Rueben Jacob Randle (born May 7, 1991) is a former American football wide receiver. He was drafted by the New York Giants in the second round of the 2012 NFL Draft. He played college football at Louisiana State University (LSU). He has also spent time with the Philadelphia Eagles, Chicago Bears and Winnipeg Blue Bombers.

High school career
Randle attended Bastrop High School in Bastrop, Louisiana, where he played both wide receiver and quarterback in his senior year due to the graduation of quarterback Randall Mackey. That year, Randle connected on 166 of 274 passes (60.6 completion percentage) for 2,442 yards and 20 touchdowns, while also rushing for a team-high 680 yards and 12 more scores.

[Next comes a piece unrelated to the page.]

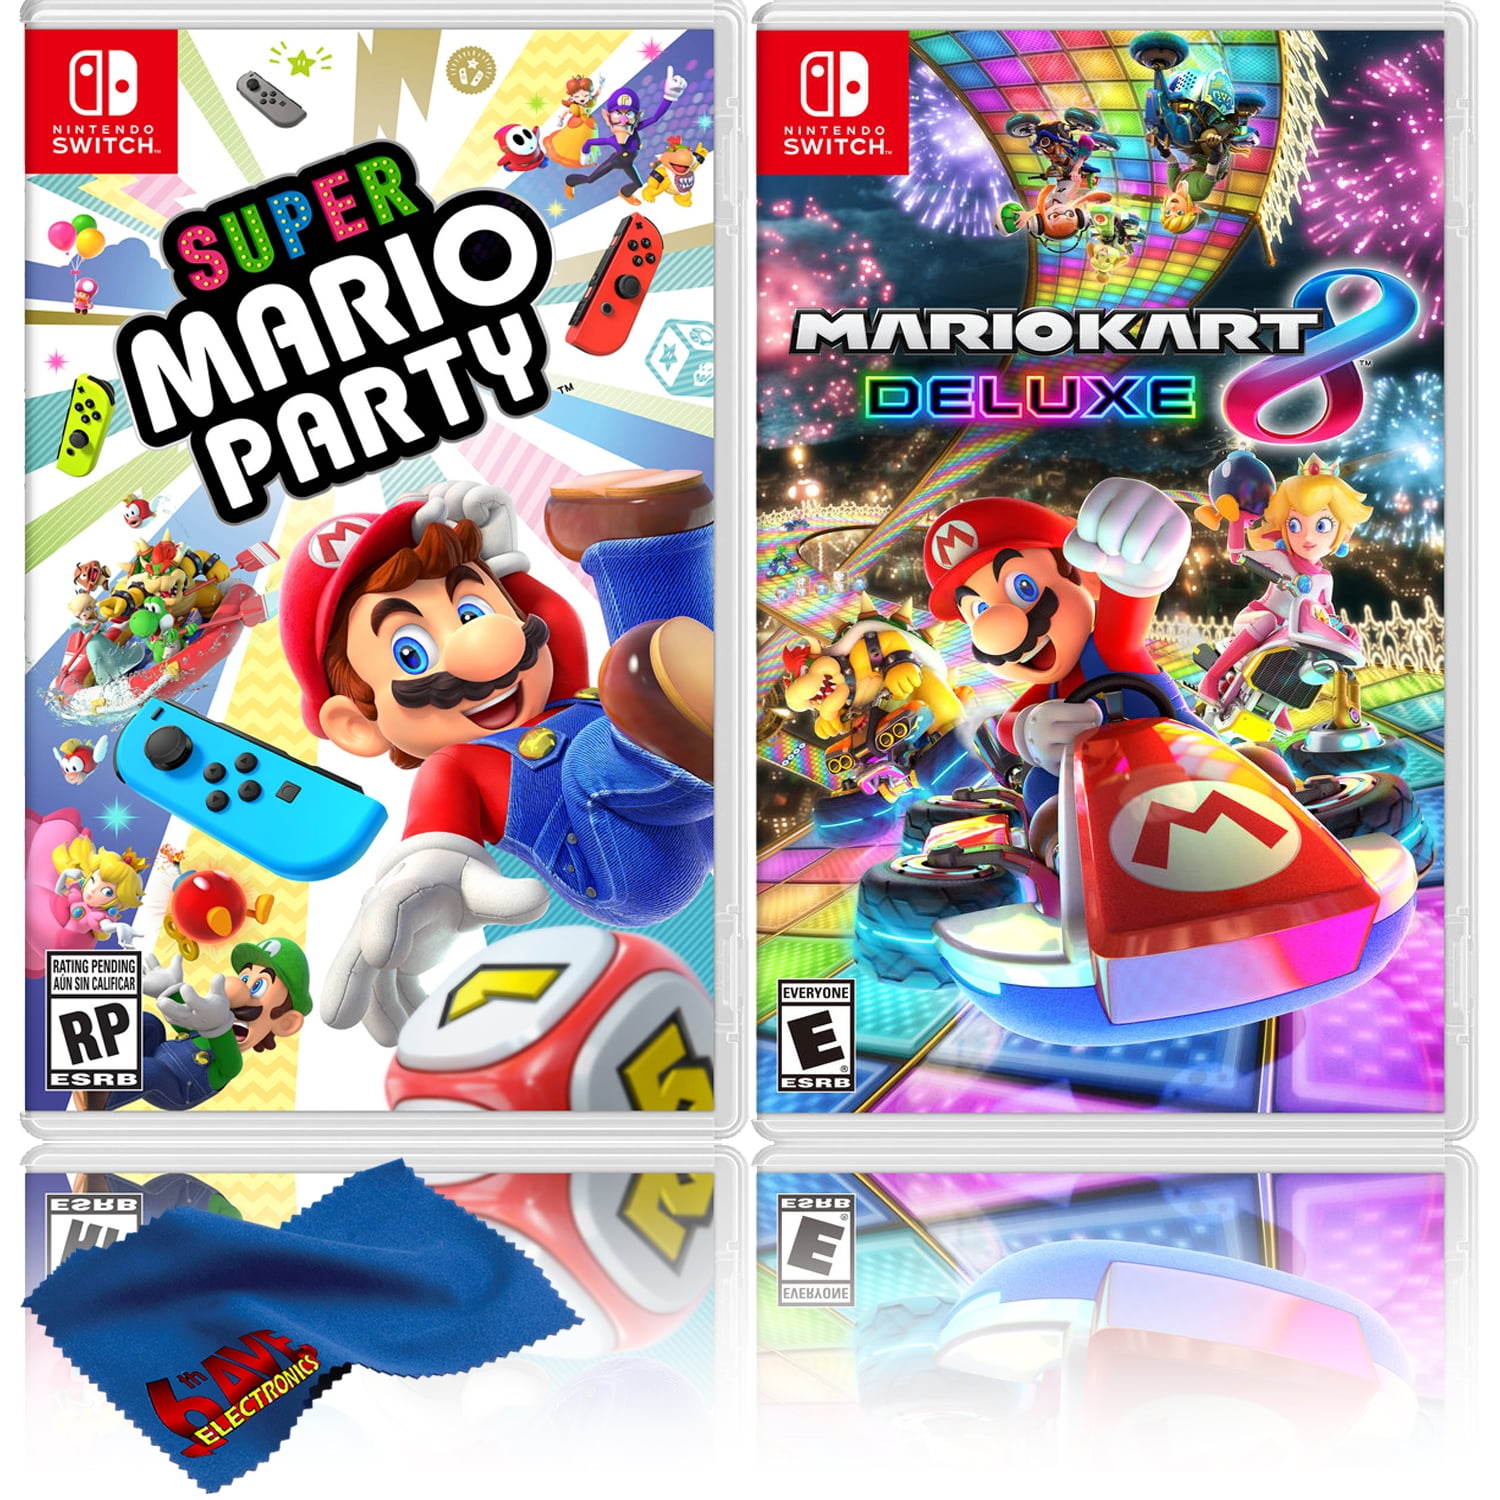 Super Mario Party + Mario Kart 8 Deluxe, Nintendo Switch - Walmart.com

His sophomore year, when Bastrop won the state championship, Randle had 14 catches for 433 yards and seven touchdowns. As a junior, Randle had 55 receptions for 1,058 yards and 11 touchdowns, earning him a Class 4A All-Louisiana designation. Randle earned All-American honors by Parade, USA Today, and SuperPrep, and was a participant in the 2009 U.S. Army All-American Bowl.

In addition to football, Randle also participated in basketball, baseball and track at Bastrop.

College recruiting
As one of the top-rated prospects in the nation, Randle was a consensus five-star prospect by all major recruiting services. Randle was considered a five-star recruit by Rivals.com, as well as the No. 1 wide receiver prospect and the No. 2 overall prospect in the nation. Randle had numerous scholarship offers, but on February 4, 2009 (National Signing Day), he committed to Louisiana State University via letter of intent. He also considered Alabama, Oklahoma, Oklahoma State and Miami.

College career
In three seasons at LSU, Randle caught 97 passes for 1,634 yards and 13 touchdowns. As a junior, he was a first-team All-Southeastern Conference (SEC) selection by SEC coaches, and earned second-team honors from the Associated Press. Following LSU's loss in the 2011 National Championship game vs. Alabama, Randle announced his intention to enter the upcoming NFL draft.

Professional career

New York Giants
On April 27, 2012, Randle was drafted by the New York Giants in the 2nd round of the 2012 NFL Draft. On May 11, Randle signed his rookie contract with the Giants.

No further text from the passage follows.